Adding to Ann's answer, Lauren, a tactful (tactical?) attempt at convincing the difficult uncle to take a yDNA test at Family Tree DNA may be worthwhile for a second reason: they're the only major lab that stores the DNA sample to make it available for future testing. Their procedure is actually for the tester to provide two cheek-swabs inside two separate vials. If the first sample opened is viable, the second vial goes into long-term storage, but even the opened vial can be used repeatedly. My first test with them was in 2004. I checked recently, and an upgrade I ordered last month was the 16th individual test applied to that almost-14-year-old sample.
Mileage will vary, of course. Broad-scale, NextGen tests like the Big Y require more original material than the standard autosomal, yDNA, or mtDNA tests, so a new sample may be required for that unless the long-term vial is still undisturbed in storage. Too, if the first vial tried for the initial test contains a poor or inadequate sample, the lab will open vial number two to complete the test (the message there is SRRT: Swab Really, Really Thoroughly to make certain you have two very viable vials).
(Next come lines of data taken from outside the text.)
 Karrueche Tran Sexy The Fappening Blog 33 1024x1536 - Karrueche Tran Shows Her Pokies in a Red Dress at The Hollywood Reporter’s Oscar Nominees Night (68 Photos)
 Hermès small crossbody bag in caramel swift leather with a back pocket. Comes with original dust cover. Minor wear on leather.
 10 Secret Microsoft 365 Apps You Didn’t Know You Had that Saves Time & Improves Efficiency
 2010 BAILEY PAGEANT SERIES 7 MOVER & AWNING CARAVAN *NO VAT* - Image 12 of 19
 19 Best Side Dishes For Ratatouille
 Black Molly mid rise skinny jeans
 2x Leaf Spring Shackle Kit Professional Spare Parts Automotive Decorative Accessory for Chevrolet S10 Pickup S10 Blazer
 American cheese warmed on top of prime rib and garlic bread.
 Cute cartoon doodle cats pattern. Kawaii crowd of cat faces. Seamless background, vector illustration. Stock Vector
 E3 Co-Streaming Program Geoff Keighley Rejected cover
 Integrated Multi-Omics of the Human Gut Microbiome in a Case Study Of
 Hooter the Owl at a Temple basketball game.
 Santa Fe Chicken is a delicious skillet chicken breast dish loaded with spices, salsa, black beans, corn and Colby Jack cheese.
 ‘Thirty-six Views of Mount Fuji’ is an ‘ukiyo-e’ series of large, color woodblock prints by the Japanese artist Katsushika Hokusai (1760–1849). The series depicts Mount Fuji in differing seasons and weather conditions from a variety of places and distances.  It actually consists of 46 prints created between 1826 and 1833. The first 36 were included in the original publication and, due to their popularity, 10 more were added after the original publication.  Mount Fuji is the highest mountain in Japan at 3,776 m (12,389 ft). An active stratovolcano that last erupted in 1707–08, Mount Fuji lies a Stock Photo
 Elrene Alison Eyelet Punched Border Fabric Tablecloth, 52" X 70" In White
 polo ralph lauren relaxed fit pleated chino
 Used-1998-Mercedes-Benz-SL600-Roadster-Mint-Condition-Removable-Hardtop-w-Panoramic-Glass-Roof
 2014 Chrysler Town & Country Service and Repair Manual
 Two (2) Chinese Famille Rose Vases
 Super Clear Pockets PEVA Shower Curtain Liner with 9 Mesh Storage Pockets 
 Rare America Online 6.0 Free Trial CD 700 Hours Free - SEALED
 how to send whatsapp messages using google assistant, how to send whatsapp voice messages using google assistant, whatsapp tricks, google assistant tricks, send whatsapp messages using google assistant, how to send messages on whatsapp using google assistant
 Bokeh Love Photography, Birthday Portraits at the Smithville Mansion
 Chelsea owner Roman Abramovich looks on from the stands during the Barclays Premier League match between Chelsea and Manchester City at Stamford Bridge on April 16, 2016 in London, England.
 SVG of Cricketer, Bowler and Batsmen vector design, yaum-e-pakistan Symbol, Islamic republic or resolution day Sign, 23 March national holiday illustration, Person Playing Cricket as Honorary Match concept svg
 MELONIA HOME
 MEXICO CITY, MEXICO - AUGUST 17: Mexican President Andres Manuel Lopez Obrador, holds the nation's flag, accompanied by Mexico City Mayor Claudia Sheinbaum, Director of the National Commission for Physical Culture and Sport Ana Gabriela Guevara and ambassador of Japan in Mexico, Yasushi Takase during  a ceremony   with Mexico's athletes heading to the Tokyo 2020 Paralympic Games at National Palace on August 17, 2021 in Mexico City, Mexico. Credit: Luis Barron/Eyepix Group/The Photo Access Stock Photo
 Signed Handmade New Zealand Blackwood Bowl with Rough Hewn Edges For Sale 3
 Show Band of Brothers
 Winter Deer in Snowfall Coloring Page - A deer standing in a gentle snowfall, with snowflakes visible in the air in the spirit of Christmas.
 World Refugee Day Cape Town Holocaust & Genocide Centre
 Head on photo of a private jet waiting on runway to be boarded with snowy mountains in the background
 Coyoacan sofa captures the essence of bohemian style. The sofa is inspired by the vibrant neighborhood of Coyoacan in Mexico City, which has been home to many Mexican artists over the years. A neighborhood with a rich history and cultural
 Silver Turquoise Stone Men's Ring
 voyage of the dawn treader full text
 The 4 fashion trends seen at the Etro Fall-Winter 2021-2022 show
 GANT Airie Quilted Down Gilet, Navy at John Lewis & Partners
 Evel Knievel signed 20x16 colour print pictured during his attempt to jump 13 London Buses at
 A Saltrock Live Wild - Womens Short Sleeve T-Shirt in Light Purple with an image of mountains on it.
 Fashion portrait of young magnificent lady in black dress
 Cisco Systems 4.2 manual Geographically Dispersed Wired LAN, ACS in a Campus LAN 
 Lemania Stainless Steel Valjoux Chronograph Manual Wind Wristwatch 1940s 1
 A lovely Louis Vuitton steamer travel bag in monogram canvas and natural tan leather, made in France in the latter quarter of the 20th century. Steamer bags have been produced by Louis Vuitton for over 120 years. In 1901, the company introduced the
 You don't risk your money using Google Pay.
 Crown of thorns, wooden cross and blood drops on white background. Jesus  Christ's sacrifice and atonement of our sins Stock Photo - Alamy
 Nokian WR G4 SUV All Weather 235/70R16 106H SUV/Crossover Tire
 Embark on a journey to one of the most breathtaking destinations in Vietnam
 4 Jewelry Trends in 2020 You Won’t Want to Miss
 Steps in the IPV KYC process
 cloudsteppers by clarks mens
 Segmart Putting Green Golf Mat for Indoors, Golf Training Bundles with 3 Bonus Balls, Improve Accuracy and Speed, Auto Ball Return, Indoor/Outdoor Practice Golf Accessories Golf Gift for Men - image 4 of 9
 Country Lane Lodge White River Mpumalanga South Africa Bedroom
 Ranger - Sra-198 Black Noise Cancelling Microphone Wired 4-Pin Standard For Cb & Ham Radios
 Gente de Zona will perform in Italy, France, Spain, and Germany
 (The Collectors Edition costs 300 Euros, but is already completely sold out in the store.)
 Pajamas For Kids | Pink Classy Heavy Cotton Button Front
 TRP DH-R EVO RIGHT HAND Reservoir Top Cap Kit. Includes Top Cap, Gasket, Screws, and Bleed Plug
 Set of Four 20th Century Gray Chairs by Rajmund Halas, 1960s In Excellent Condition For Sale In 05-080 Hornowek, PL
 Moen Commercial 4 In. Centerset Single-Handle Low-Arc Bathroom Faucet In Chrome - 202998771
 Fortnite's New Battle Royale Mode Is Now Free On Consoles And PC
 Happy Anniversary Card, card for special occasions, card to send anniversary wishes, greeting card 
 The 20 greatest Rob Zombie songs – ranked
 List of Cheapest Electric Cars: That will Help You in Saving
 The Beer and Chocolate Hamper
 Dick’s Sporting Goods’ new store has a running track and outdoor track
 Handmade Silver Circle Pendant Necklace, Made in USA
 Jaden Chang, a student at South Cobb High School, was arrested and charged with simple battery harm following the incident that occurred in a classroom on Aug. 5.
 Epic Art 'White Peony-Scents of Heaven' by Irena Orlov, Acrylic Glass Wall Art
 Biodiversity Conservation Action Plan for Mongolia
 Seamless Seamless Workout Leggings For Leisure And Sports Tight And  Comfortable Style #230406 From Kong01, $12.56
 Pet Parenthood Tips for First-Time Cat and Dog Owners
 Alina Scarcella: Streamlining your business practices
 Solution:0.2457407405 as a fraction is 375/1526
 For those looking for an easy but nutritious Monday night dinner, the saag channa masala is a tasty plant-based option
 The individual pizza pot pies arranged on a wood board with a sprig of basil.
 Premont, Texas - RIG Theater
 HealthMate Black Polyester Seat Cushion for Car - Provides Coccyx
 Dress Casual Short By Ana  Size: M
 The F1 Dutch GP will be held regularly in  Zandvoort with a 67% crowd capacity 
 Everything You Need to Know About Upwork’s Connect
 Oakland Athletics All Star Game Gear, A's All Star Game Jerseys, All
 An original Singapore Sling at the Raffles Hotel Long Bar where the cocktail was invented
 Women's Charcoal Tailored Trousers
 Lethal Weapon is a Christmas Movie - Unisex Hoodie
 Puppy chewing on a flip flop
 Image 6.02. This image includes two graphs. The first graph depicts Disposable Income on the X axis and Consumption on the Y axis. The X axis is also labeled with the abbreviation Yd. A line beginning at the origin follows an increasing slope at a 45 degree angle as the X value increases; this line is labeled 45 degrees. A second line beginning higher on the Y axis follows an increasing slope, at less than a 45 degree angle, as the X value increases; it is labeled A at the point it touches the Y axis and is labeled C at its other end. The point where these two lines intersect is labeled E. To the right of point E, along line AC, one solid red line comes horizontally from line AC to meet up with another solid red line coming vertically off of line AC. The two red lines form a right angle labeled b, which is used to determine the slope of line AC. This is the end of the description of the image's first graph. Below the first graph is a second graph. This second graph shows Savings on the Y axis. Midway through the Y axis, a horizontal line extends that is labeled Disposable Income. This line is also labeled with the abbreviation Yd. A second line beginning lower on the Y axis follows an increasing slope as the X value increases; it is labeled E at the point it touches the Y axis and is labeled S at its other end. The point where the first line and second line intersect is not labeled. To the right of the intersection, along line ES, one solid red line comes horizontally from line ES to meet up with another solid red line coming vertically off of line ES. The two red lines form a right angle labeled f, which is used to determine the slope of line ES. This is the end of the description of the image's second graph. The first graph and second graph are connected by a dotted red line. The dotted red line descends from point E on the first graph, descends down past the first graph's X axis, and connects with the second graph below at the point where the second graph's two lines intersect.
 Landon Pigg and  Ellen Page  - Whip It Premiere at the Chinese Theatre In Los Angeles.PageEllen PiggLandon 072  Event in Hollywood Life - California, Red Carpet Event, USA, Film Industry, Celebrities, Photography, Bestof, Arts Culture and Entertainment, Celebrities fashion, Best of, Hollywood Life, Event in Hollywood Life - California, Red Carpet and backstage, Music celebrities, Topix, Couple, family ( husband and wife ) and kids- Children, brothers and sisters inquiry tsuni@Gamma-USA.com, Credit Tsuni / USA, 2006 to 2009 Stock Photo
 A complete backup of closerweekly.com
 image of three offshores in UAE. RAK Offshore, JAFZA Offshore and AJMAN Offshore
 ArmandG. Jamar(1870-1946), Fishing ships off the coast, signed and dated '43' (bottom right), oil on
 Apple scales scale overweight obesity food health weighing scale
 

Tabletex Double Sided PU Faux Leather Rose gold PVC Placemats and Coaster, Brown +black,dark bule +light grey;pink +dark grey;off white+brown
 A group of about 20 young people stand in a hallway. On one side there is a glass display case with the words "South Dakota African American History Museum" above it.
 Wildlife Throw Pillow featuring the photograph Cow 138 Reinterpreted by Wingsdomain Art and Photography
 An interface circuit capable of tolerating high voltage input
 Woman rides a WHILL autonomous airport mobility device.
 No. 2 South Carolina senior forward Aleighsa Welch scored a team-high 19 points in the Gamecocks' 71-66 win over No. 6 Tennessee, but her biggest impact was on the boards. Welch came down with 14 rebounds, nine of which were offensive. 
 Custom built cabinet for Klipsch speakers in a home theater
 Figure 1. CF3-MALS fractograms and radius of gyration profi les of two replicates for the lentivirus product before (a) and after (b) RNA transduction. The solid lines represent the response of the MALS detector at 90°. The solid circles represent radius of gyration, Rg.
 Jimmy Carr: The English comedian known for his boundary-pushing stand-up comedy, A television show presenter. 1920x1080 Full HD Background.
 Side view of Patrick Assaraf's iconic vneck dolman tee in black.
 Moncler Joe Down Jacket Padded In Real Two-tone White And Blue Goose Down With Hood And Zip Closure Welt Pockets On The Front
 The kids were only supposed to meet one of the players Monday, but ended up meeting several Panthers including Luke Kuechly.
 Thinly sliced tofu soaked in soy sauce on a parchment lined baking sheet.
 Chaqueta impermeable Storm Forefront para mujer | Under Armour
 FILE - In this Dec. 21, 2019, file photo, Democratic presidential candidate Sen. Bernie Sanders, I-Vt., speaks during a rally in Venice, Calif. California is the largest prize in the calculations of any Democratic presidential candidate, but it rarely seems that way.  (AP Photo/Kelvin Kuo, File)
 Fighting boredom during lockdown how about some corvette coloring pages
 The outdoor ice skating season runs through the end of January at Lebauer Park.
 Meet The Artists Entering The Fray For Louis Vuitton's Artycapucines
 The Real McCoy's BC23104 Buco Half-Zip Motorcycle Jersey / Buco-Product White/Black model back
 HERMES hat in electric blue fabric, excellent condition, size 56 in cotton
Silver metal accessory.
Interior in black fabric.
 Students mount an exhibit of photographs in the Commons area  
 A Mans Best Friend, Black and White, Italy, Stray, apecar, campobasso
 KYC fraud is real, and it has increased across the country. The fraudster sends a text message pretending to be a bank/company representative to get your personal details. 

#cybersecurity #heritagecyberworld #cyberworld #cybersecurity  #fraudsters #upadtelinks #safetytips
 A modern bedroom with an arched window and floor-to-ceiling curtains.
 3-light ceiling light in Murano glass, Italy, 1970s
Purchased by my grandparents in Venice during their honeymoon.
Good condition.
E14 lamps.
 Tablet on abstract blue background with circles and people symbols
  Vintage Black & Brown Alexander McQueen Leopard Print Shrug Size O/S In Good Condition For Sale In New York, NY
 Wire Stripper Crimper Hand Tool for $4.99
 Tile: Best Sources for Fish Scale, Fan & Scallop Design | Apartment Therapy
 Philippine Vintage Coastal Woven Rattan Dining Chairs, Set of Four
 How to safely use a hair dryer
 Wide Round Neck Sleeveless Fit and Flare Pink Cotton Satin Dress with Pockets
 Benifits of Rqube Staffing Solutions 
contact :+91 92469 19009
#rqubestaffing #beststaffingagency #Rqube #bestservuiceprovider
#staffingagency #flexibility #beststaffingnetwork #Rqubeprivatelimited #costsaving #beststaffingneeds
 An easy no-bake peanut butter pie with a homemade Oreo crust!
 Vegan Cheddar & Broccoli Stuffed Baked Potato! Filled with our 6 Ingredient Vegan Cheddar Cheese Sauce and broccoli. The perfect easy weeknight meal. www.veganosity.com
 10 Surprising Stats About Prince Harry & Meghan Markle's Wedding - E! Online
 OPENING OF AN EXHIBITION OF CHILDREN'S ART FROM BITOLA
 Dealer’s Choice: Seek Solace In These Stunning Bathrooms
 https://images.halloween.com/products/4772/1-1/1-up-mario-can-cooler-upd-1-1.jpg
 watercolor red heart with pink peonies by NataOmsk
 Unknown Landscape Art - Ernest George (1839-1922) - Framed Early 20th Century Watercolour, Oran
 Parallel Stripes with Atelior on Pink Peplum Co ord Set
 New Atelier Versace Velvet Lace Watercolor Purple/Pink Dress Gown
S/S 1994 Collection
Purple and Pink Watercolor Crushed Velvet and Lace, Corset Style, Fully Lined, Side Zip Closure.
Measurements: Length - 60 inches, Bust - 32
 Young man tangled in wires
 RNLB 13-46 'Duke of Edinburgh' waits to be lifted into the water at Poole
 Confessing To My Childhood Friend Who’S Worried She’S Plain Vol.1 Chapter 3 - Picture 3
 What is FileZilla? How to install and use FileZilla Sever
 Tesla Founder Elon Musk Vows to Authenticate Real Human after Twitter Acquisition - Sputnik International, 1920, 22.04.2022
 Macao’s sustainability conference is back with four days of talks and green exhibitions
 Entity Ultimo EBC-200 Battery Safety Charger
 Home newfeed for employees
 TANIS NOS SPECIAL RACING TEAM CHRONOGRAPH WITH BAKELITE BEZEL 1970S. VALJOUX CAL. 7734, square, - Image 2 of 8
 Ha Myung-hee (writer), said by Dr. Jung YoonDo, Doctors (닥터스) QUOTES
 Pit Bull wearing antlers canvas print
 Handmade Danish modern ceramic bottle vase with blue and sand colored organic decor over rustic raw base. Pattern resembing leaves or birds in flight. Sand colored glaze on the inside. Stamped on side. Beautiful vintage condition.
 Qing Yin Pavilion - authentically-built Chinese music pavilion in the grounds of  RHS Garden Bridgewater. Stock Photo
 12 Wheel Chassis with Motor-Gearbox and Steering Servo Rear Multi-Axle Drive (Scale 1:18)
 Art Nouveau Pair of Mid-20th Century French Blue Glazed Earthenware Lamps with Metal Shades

Our aging ancestors and close relatives won't be around forever. For genealogy--particularly in terms of autosomal results--getting their DNA tested is important because it puts us, generationally, closer to the ancestral connections we're researching. A test at FTDNA is sort of like a biological time capsule. A low-cost Family Finder autosomal test today ($59 right now), and that sample goes on file, allowing you to go back two, three, a half-dozen years from now and order a subsequent test.